Over her 30-year run in Park Ridge, Stricker said the store has had at least 100 employees. She said the busiest time she ever went through was the Beanie Babies mania, when customers flocked to purchase the small, limited-edition plush toys. “It was unbelievable because people would follow UPS trucks to try to get Beanie Babies. I mean, it was just like a craze,” Stricker said. She also said the ’90s saw a boom in customers asking for invitations for all sorts of events and personalized ornaments and gifts.

Stricker said the business started to decline after the COVID-19 pandemic’s lockdown. “You don’t have to go out to a store. You can go on Amazon, you can go to Target.com. You can get all the clothes (and things) you want.”

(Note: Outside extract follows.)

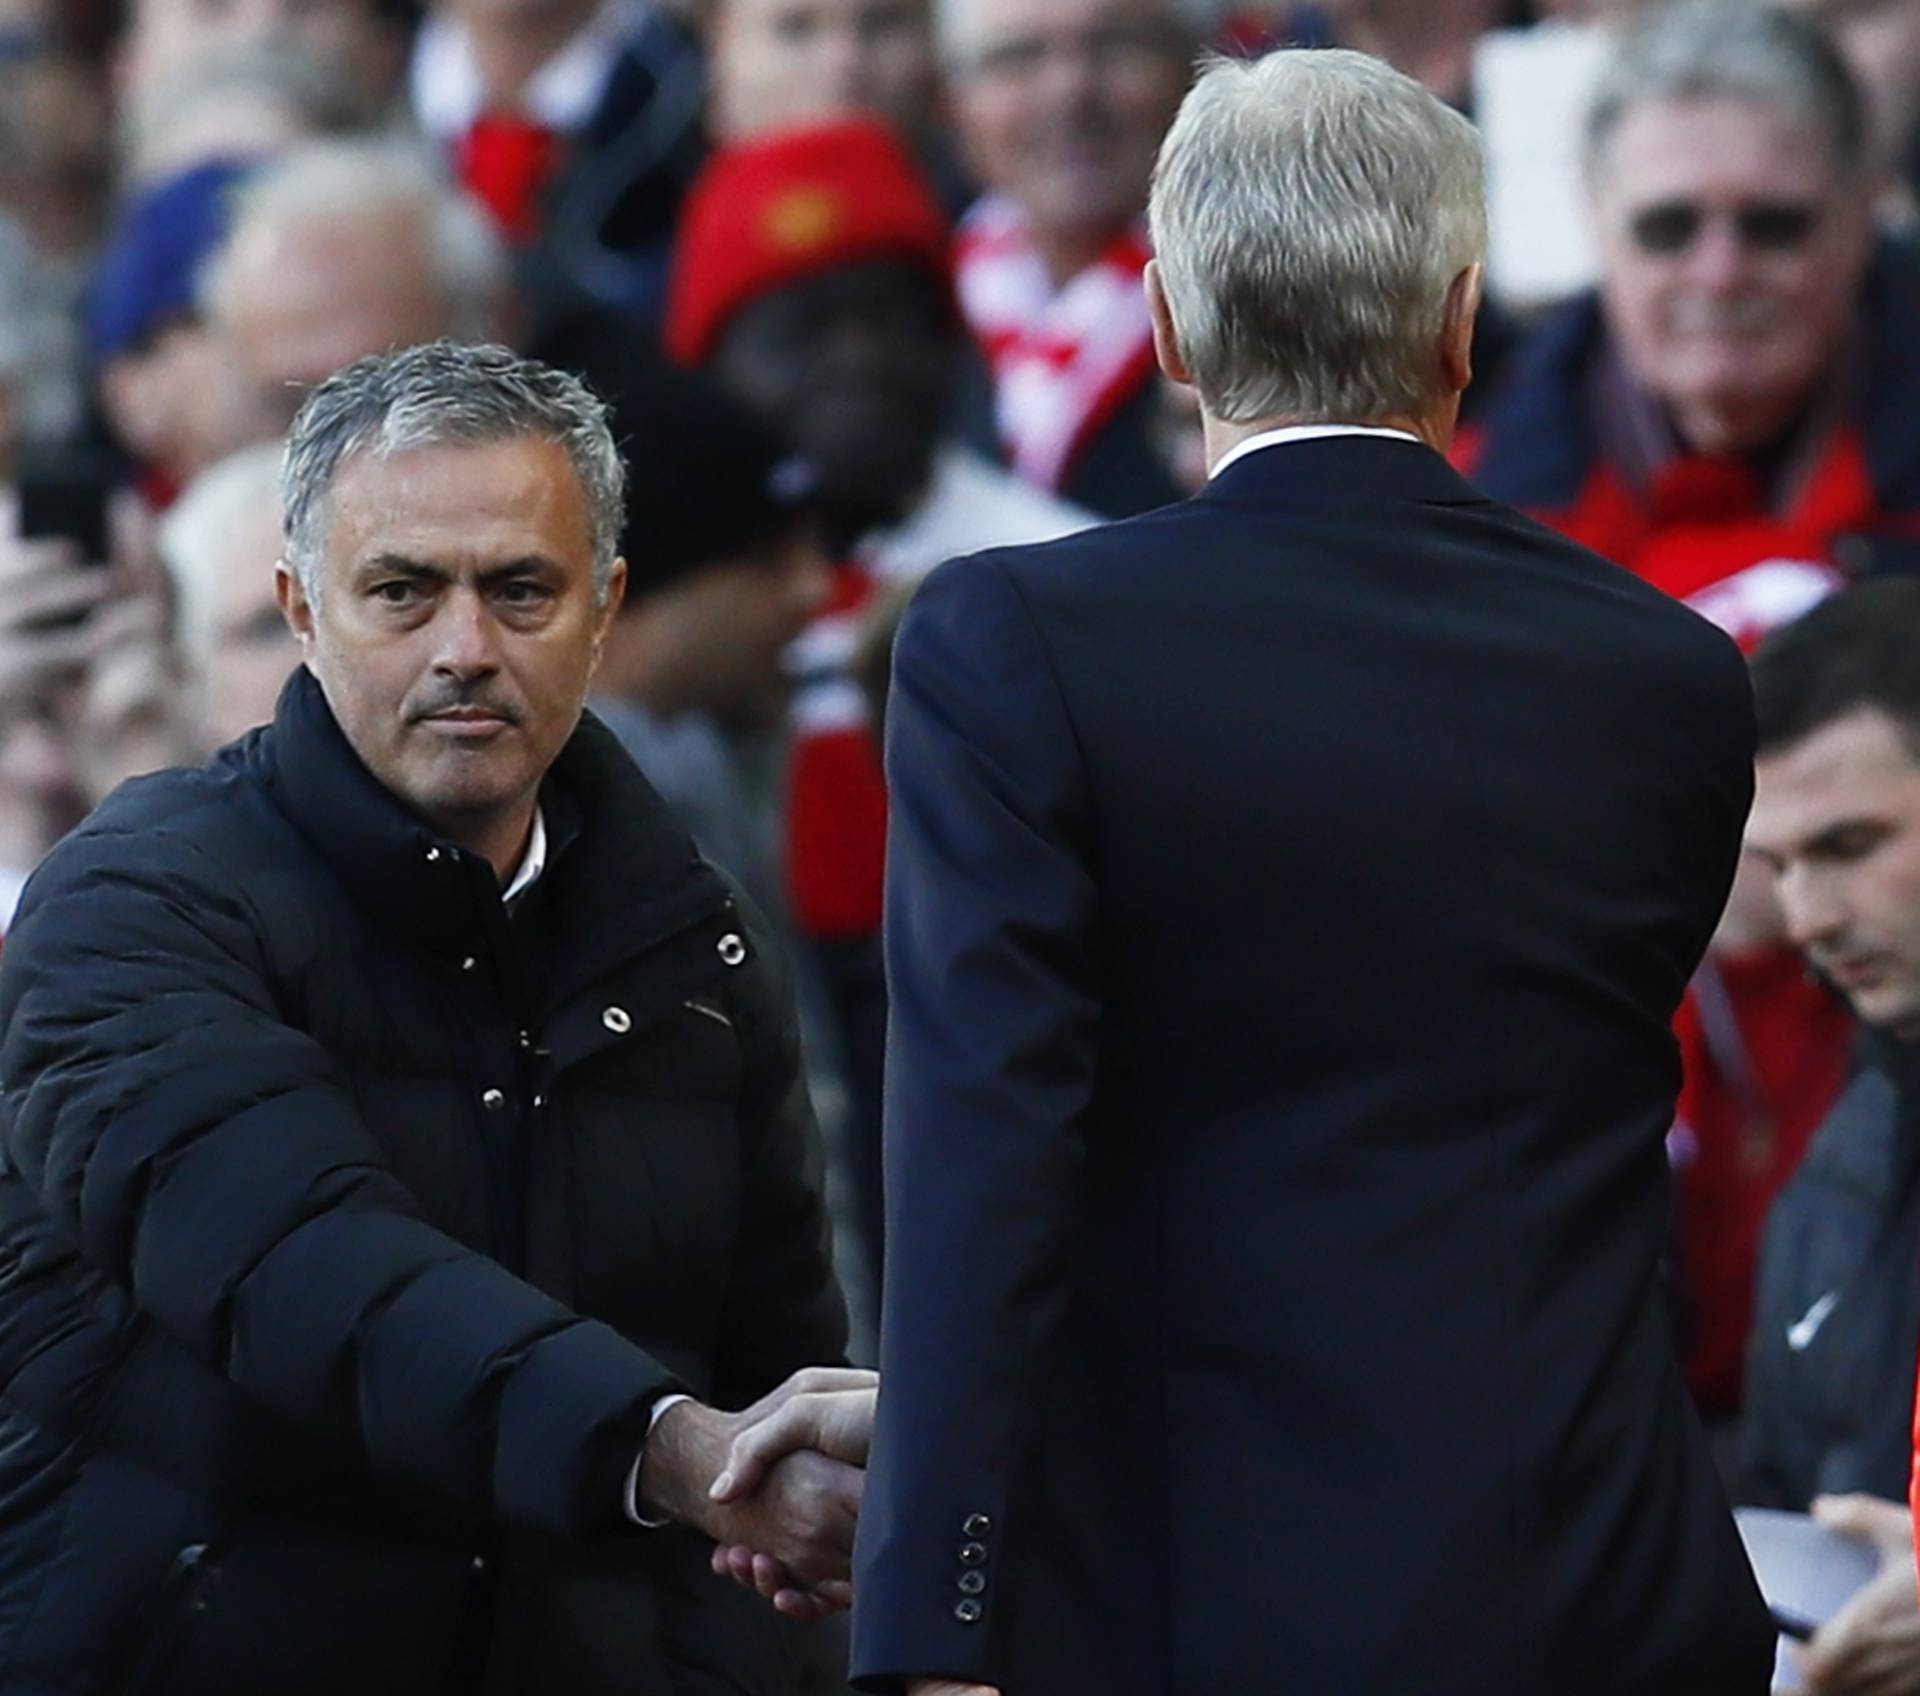 Manchester United manager Jose Mourinho and Arsenal manager Arsene Wenger shake hands before the match

Stricker said the reason the business was able to survive for so long in a market where greeting cards are sold in big box stores and many other places was because of its loyal customer base. “Even though business has changed, there’s so many people that still want to support this small business in Park Ridge. And it’s also nice because it’s a (walkable) town.”

“I can’t imagine being in a strip mall. I can’t imagine what that would be like,” Stricker said. “I mean we just have people going to dinner, (and then) come into the store, (they’ll be) going to the library and coming into the store, going to lunch with their girlfriends (and then) come in the store. So we’re very lucky that way that it brings lots of traffic.”

When asked for her immediate retirement plans, Stricker said she would sleep, read a book, pray and try to avoid cicadas.